IIRC it is not going to play well for the transient field. SportBugs/FindBugs are not equipped to resolve such deserialization cases IIRC

[oleg-nenashev]

JCasC compatibility autotest here would be really interesting

[AbhyudayaSharma]

The test fails because ConcurrentHashMap.newKeySet was refused to be marshalled:

Caused by: java.lang.UnsupportedOperationException: Refusing to marshal java.util.concurrent.ConcurrentHashMap$KeySetView for security reasons; see https://jenkins.io/redirect/class-filter/
[2019-07-08T08:11:12.508Z] 	at hudson.util.XStream2$BlacklistedTypesConverter.marshal(XStream2.java:546)
[2019-07-08T08:11:12.508Z] 	at com.thoughtworks.xstream.core.AbstractReferenceMarshaller.convert(AbstractReferenceMarshaller.java:69)
[2019-07-08T08:11:12.508Z] 	at com.thoughtworks.xstream.core.TreeMarshaller.convertAnother(TreeMarshaller.java:58)
[2019-07-08T08:11:12.508Z] 	at com.thoughtworks.xstream.core.AbstractReferenceMarshaller$1.convertAnother(AbstractReferenceMarshaller.java:84)
[2019-07-08T08:11:12.508Z] 	at hudson.util.RobustReflectionConverter.marshallField(RobustReflectionConverter.java:265)
[2019-07-08T08:11:12.508Z] 	at hudson.util.RobustReflectionConverter$2.writeField(RobustReflectionConverter.java:252)
[2019-07-08T08:11:12.508Z] 	... 38 more

[AbhyudayaSharma]

Would it be fine to create a pull request to Jenkins core and add java.util.concurrent.ConcurrentHashMap$KeySetView here? Otherwise, there's also the ConcurrentSkipListMap that could've been used but it is not whitelisted either.

[oleg-nenashev]

Would it be fine to create a pull request to Jenkins core and add java.util.concurrent.ConcurrentHashMap$KeySetView here? Otherwise, there's also the ConcurrentSkipListMap that could've been used but it is not whitelisted either.

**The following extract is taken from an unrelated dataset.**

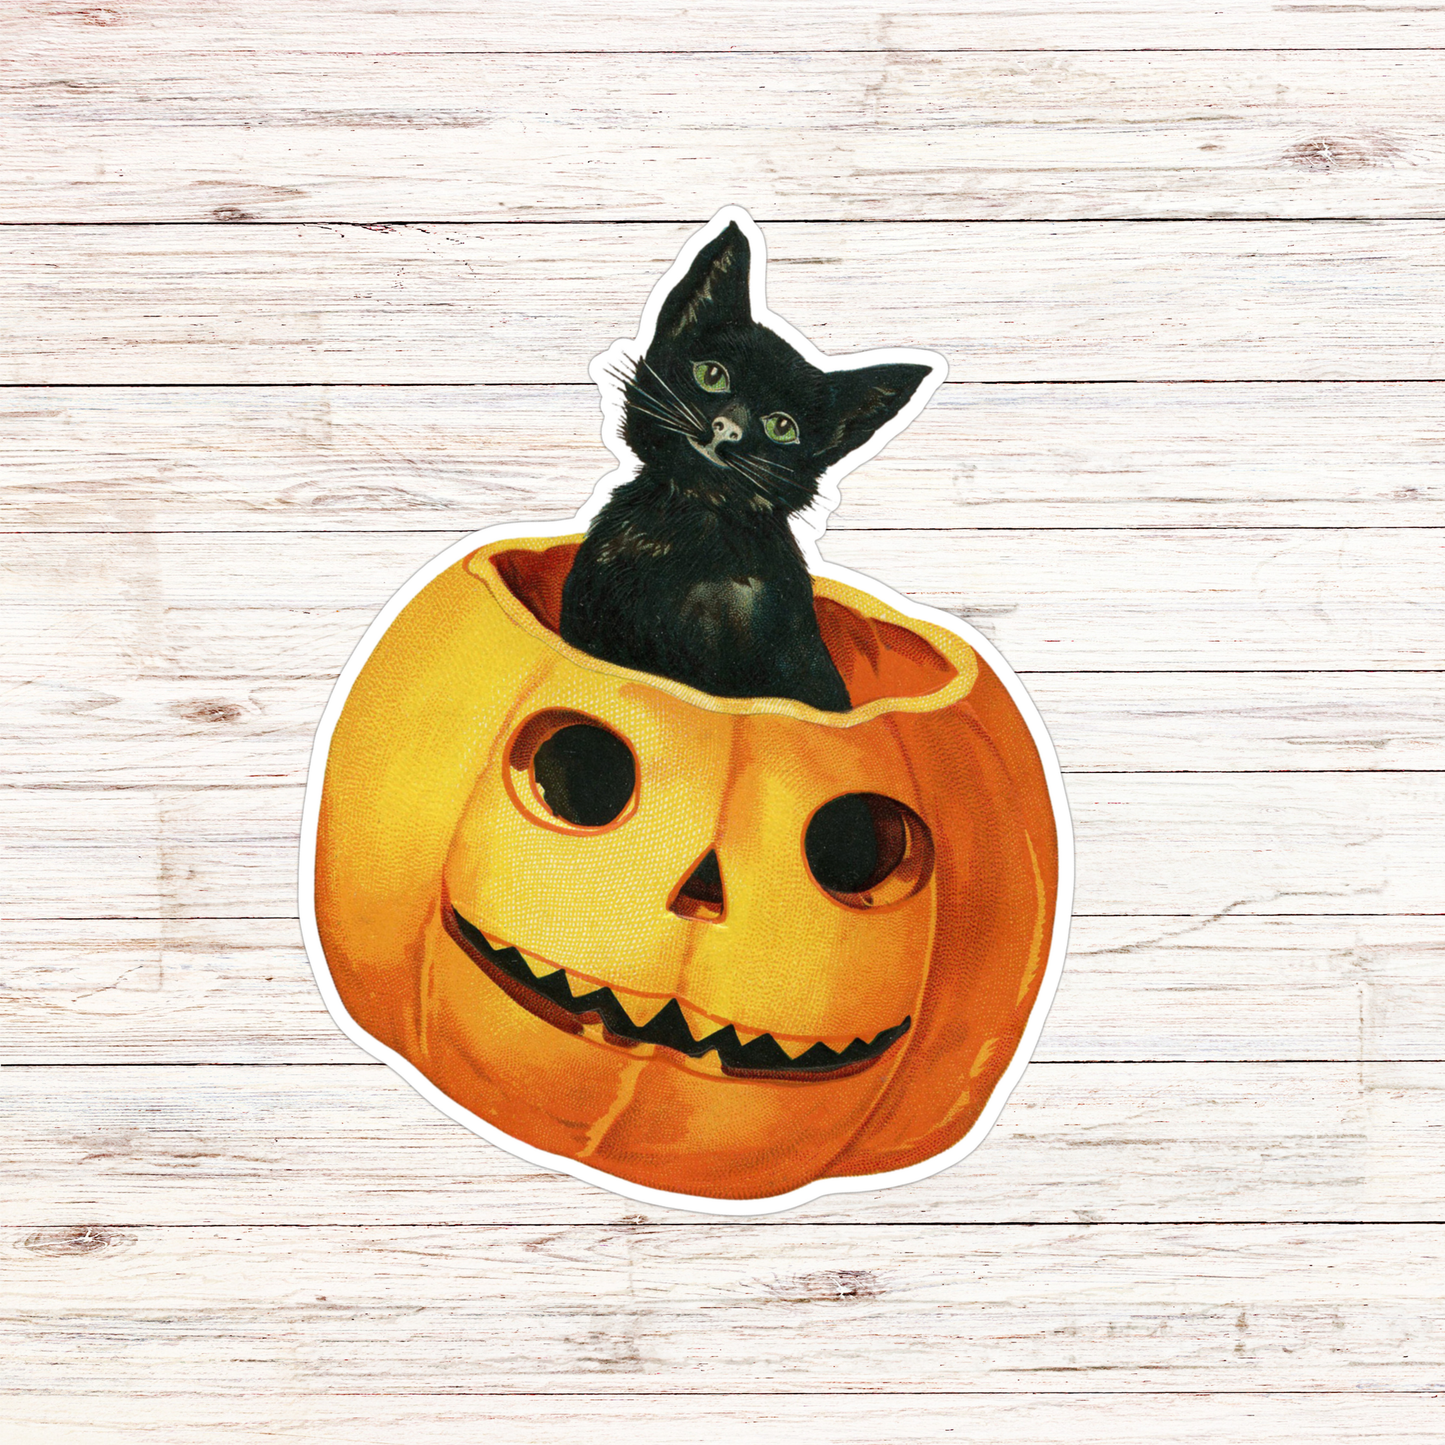 Sticker-Halloween-01: Black Cat Pumpkin

You can whitelist it for the plugin .
https://jenkins.io/blog/2018/01/13/jep-200/#making-plugins-compatible-with-jenkins-2-102-or-above

[jglick]

Bad idea. Fix your code to store a simpler type instead, like an ArrayList.

[AbhyudayaSharma]

Hi @jglick ! I had wanted to use a Set to avoid duplicates and for faster remove() operations. Also since there were tickets for concurrency issues in the Role Strategy Plugin, this seemed like the perfect option. Could you please let me know why you think this is a bad idea? Also as an alternative, would you approve of CopyOnWriteArraySet? remove()s will be slower but we'll get thread safety and avoid duplicates.

[jvz]

Add a writeReplace() method to convert the class to a serialization proxy, then inside that proxy class create a readResolve() method to convert the proxy class back to the original class. I've come across this exact same whitelisting issue twice so far in the past year.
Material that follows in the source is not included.